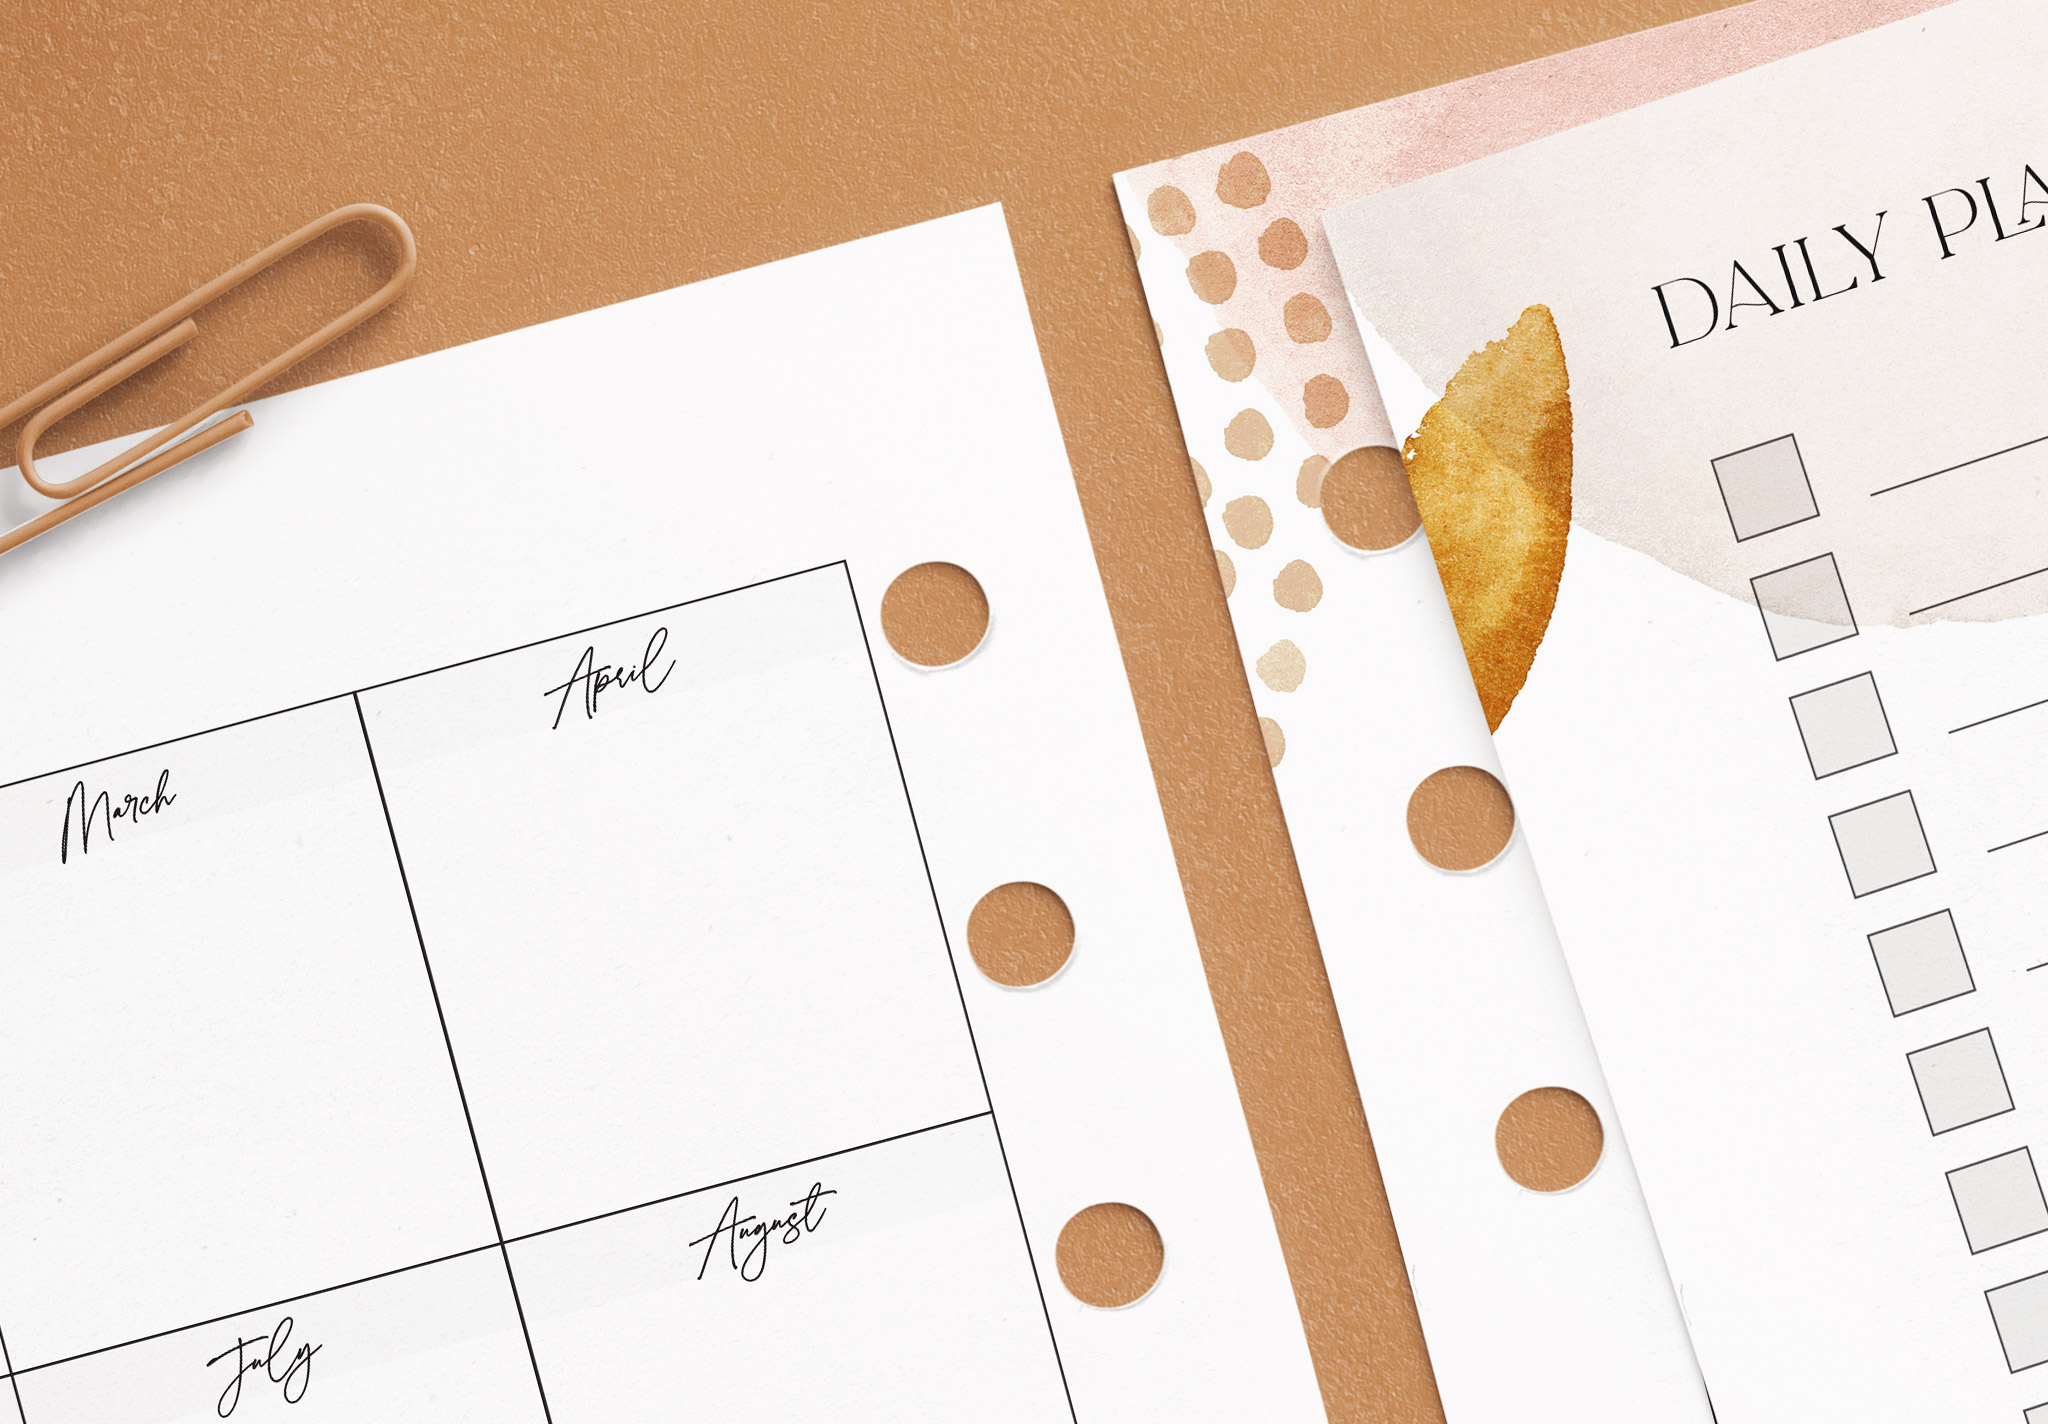 Planner Inserts US Letter Size Mockup image04
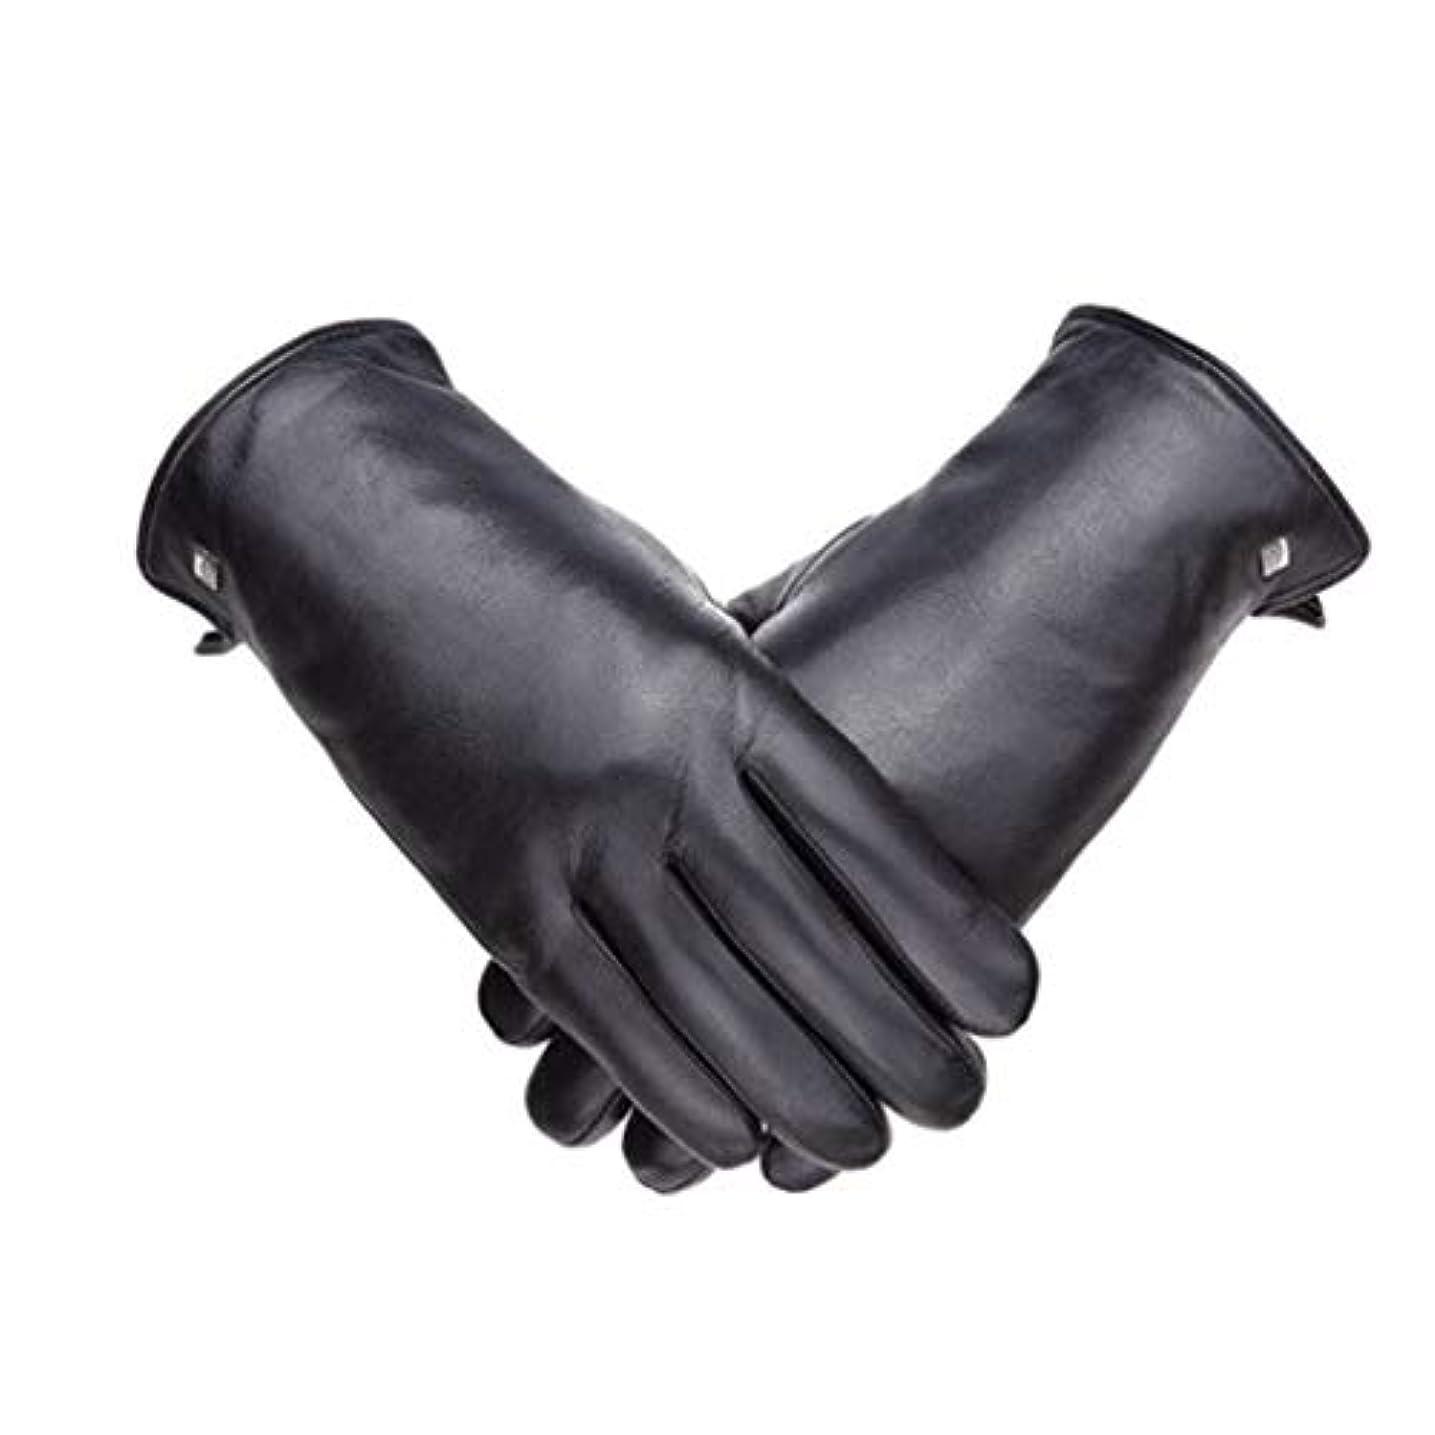 タンカーアカデミックシマウマ革の肥厚プラスベルベット柔らかなヤギの男性の手袋防風寒い冬暖かい手袋を乗って19841101-01B黒XXL
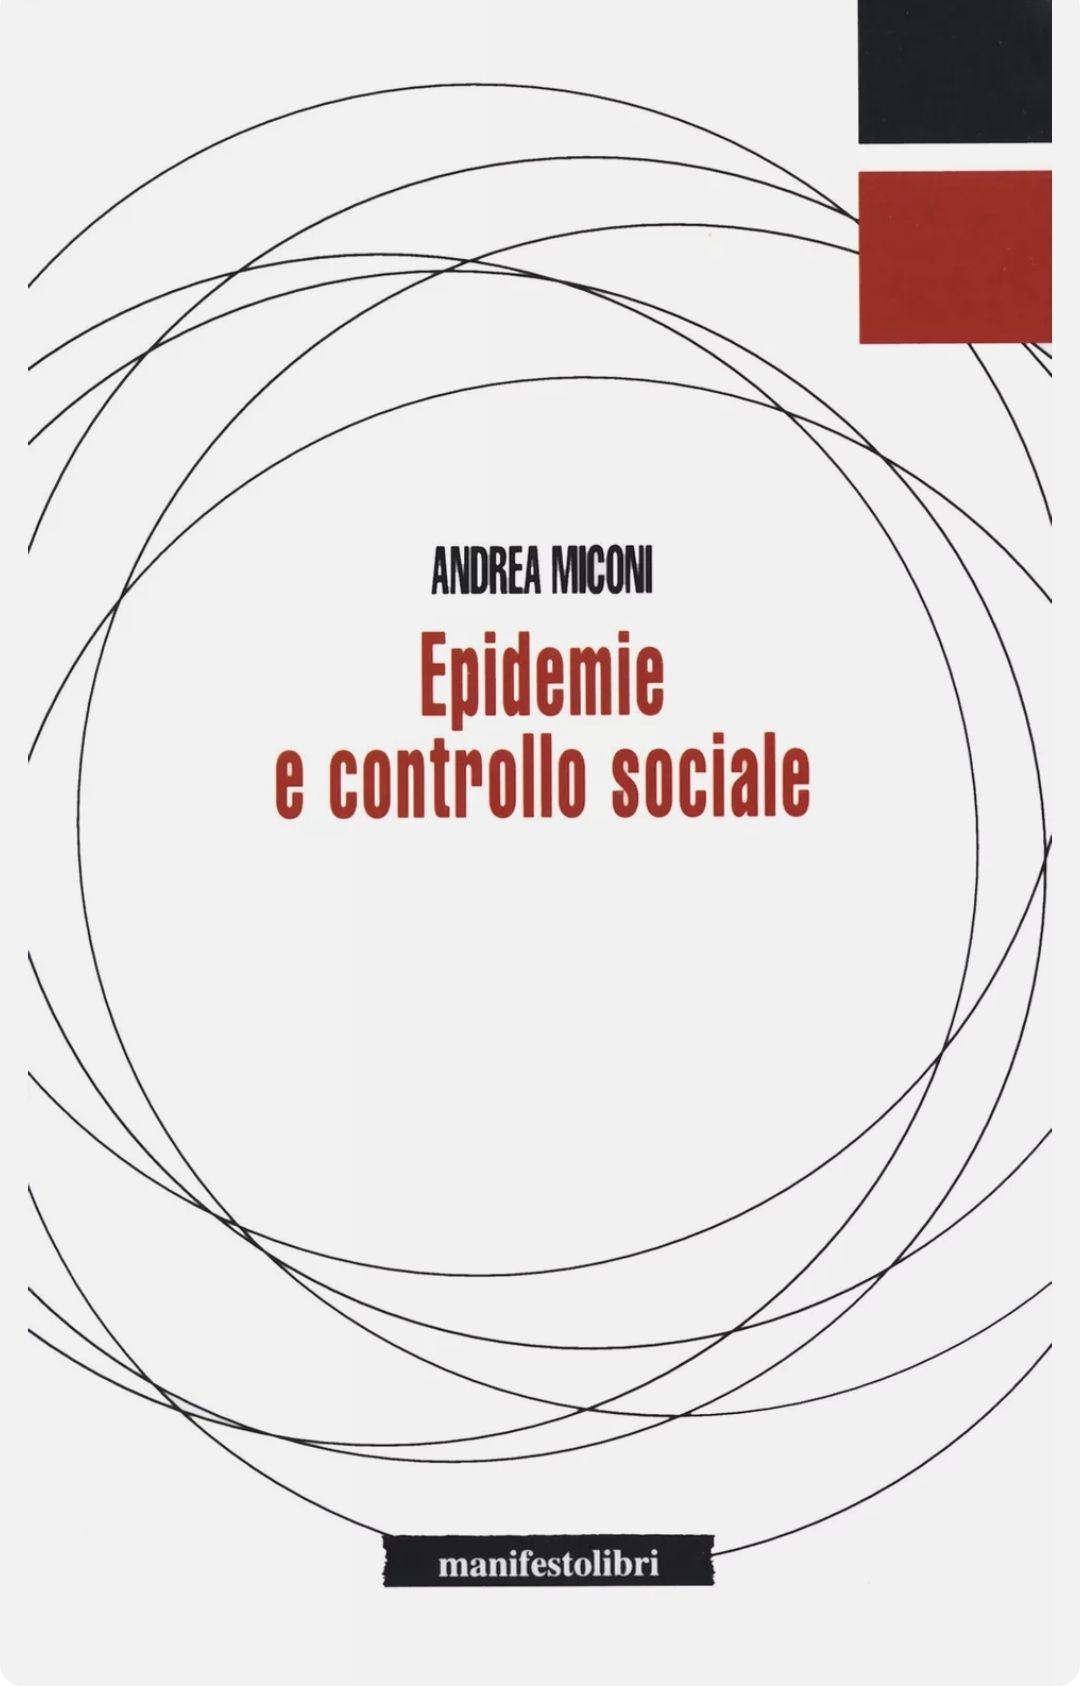 Epidemie e controllo sociale – Miconi Andrea. Raro, ricercato, attualissimo. A 9.50 €

Work request => Pictures are to be dropped, and the remaining data set down exactly.

Answer below =>
 Planner Inserts US Letter Size Mockup image04
 タンカーアカデミックシマウマ革の肥厚プラスベルベット柔らかなヤギの男性の手袋防風寒い冬暖かい手袋を乗って19841101-01B黒XXL
 Epidemie e controllo sociale – Miconi Andrea. Raro, ricercato, attualissimo. A 9.50 €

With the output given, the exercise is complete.